Wednesday, 7 September 2011

On Canaan's side


If The Sense of an Ending by Julian Barnes is concerned with the unreliability of memory, then another Booker-shortlisted novel is about the necessity of memory for anchoring our identity. Lily Bere, the eighty-nine year old narrator of On Canaan’s Side by Sebastian Barry, sifts the memories of her long and tragic life. “What is the sound of an eighty-nine year old heart breaking?” she asks. Her “confession” provides the answer, where “a measure of tragedy is stitched into everything, if you follow the thread long enough.” Raking through the ancient store of her memories, Lily substantiates this assertion.

After the First World War, the young Lily is betrothed to Tadg Bere. He has enlisted for the Black and Tans, the Army regiment recruited to suppress any revolutionary impulses within Ireland. As a Catholic, he becomes a hunted man when a death sentence is placed on his head by the IRA. Lily and Tadg flee Sligo and cross the Atlantic to the security of America.

For Lily, America is the promised land. She is an archetype of the grateful immigrant, “a voyager in love with the place of her voyage.” But there is no escape from the enmities of the past and in New York, Tadg is murdered. Lily goes on the run. On Canaan’s Side interweaves the domestic details of Lily’s life in America with the broader sweep of history – the Second World War, the civil rights movement, Vietnam, the nuclear age and the Gulf War.
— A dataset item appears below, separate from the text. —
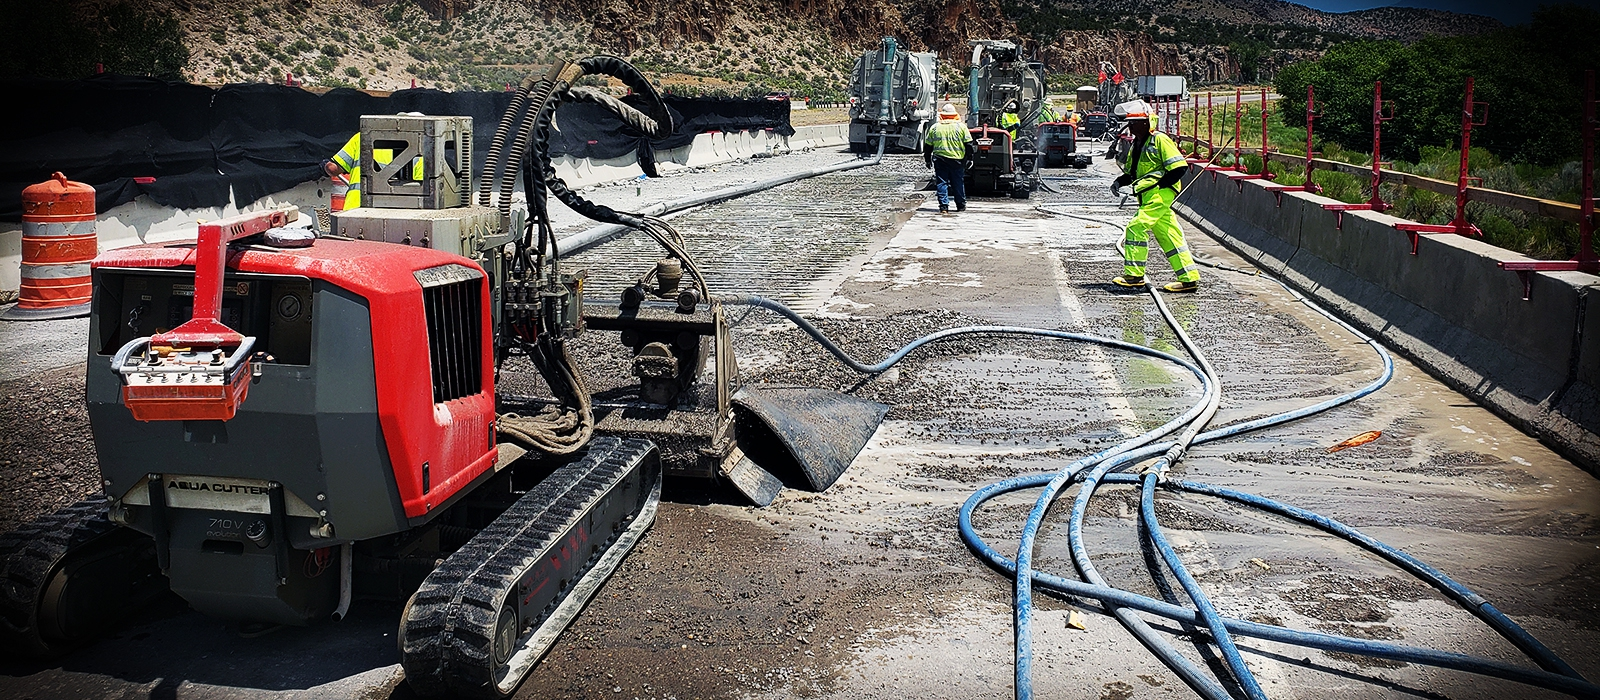 hydrodemolition aquajet systems aqua cutter work place renovation road
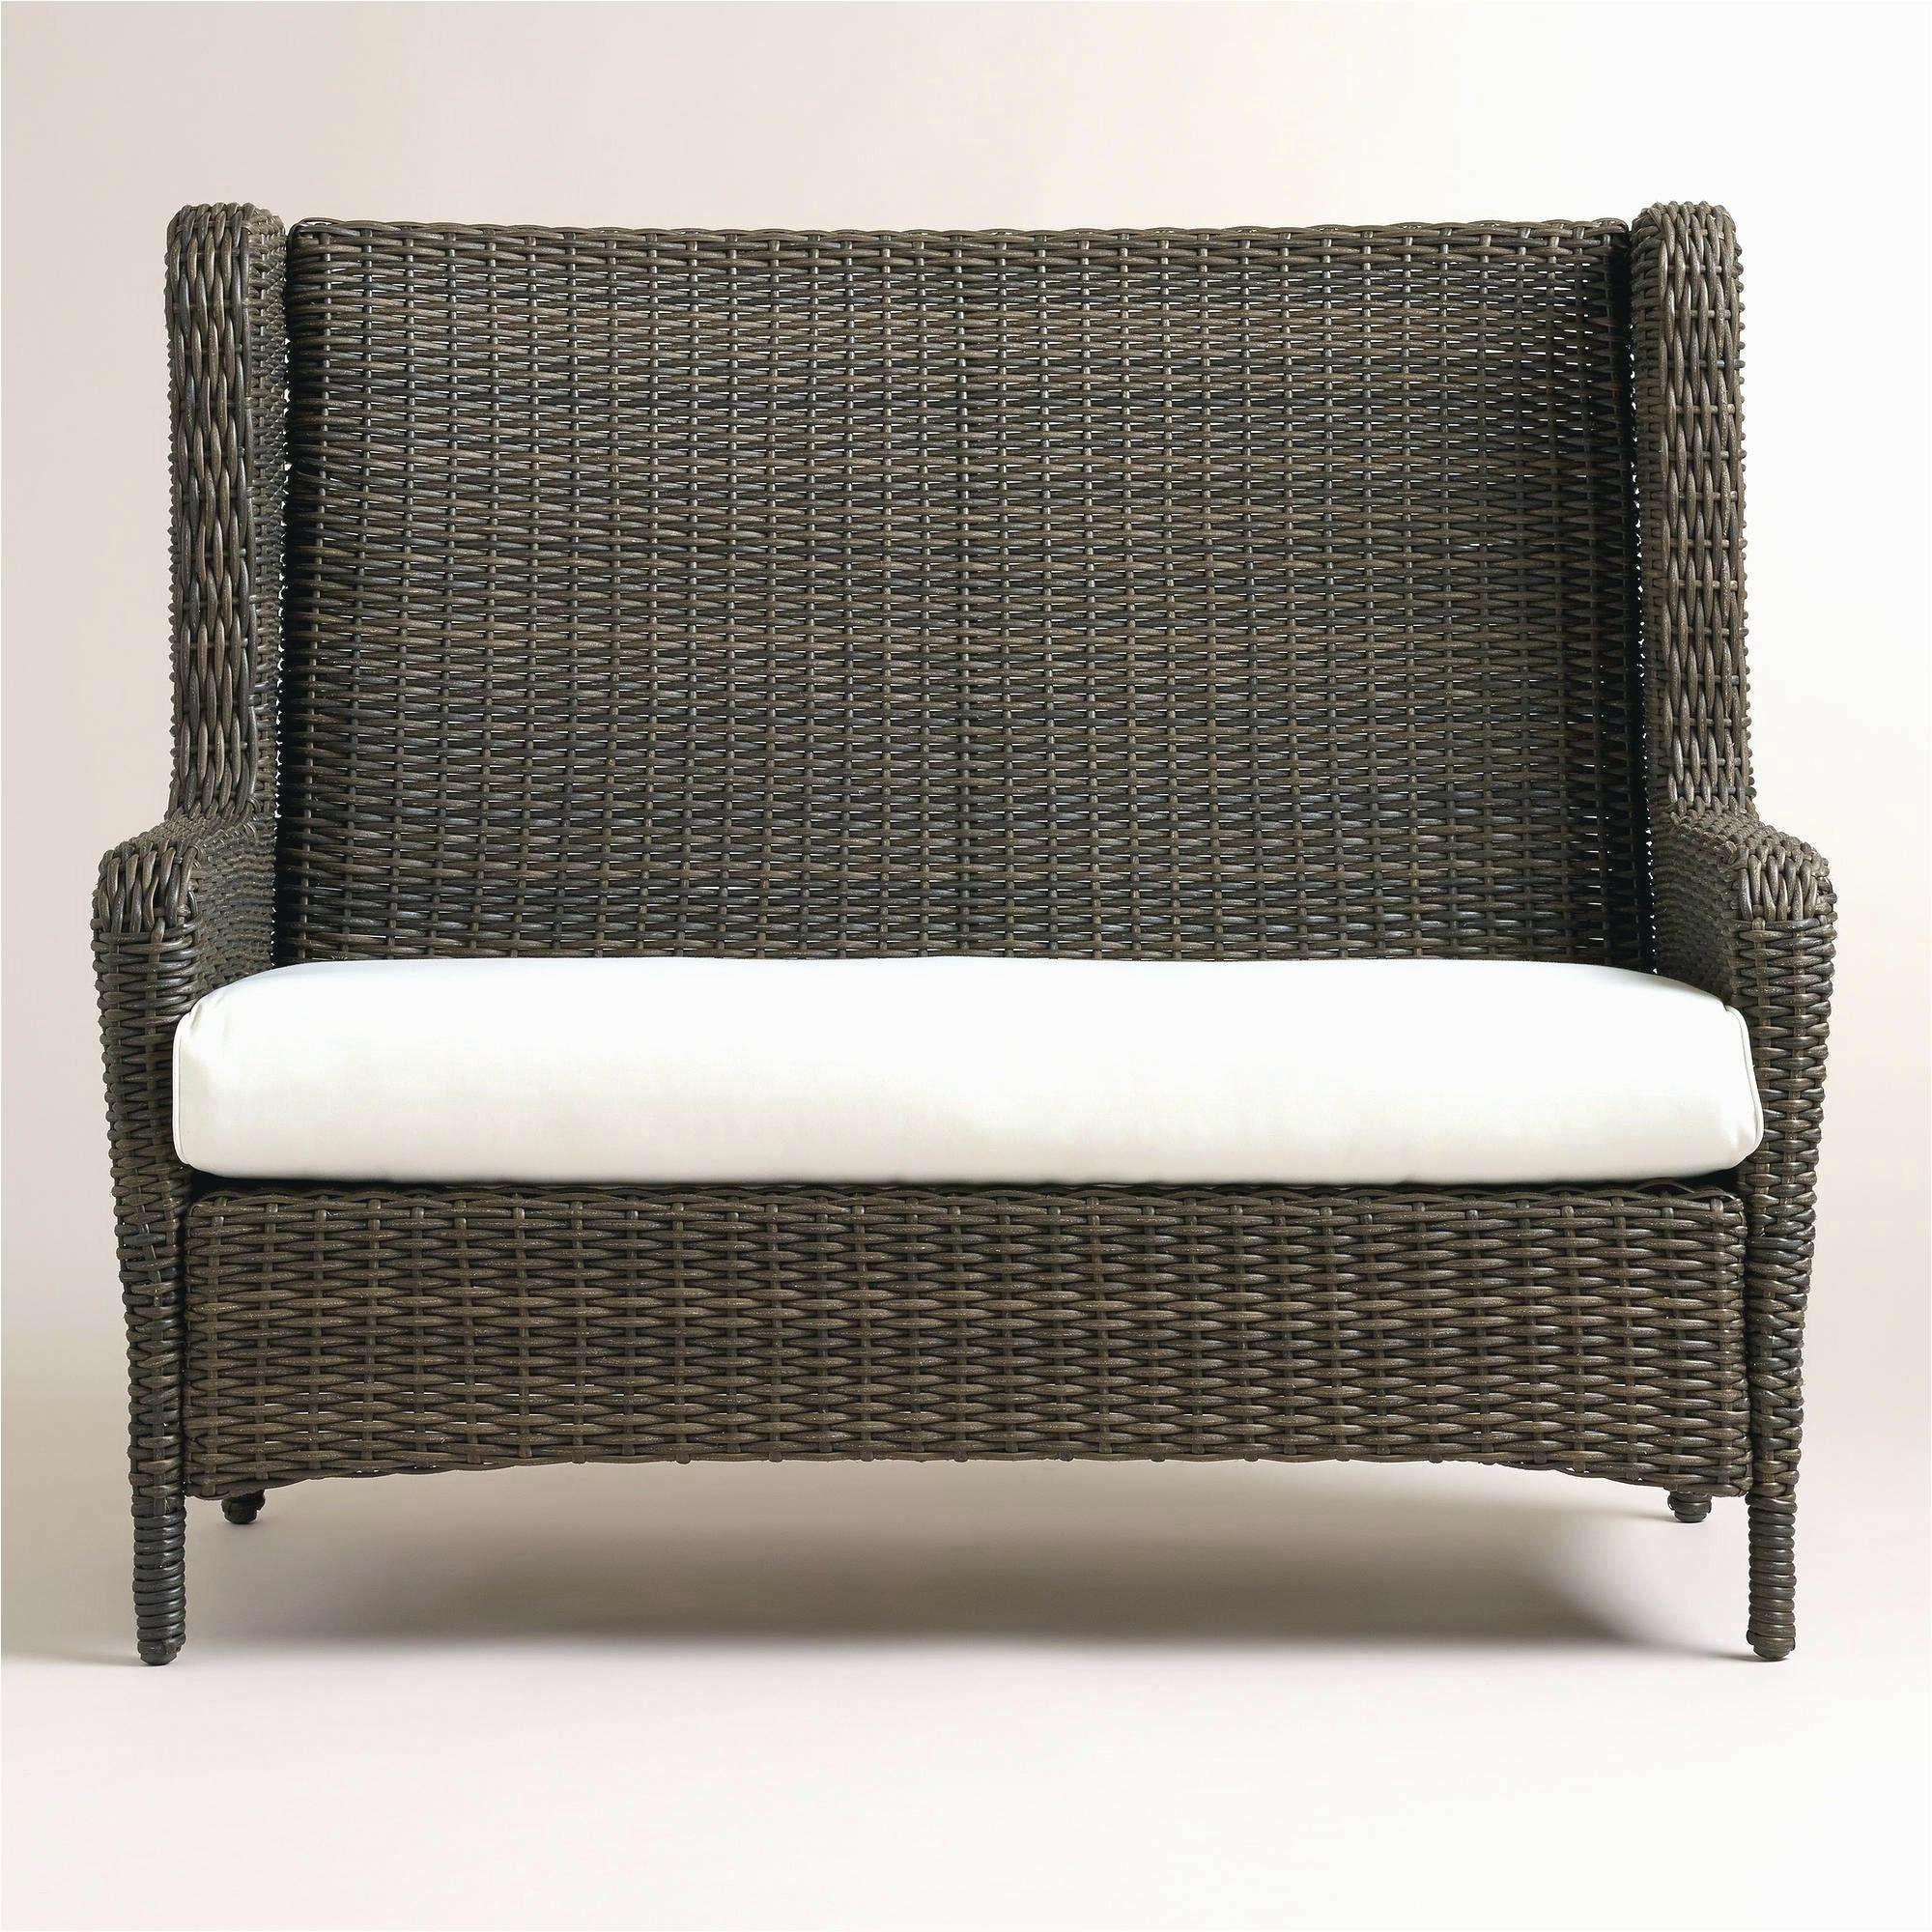 mayfair patio furniture elegant outdoor floor cushions unique wicker outdoor sofa 0d patio chairs

Employing a heightened lyricism, Barry describes the interplay between the memory of historic events and those quotidian experiences and people that coalesce in the memory to illuminate an ordinary life. For Lily, the memory of a golden afternoon on a rollercoaster with her husband has as much significance as hearing the news of Martin Luther King’s assassination. Both events make an impression on her, but only the joy of the fairground ride penetrates her being and is formative. “We may be immune to typhoid, tetanus, chickenpox, diphtheria, but never memory. There is no inoculation against that,” Lily points out.

Barry writes with all the concentrated attention of a poet. His prose is attuned to the pulse of life in all its sorrows and solaces– those stirrings and quickenings that reveal themselves to us in recollection and amplify the whispered cadences of the soul. As Lily puts it:

To remember sometimes is a great sorrow, but when the remembering has been done, there comes afterwards a very curious peacefulness. Because you have planted your flag on the summit of sorrow. You have climbed it.

And I notice again in the writing of this confession that there is nothing called long-ago after all. When things are summoned up, it is all present time, pure and simple. So that, much to my surprise, people I have loved are allowed to live again. What it is that allows them I don’t know. I have been happy now and then in the last two weeks, the special happiness that is offered from the hand of sorrow.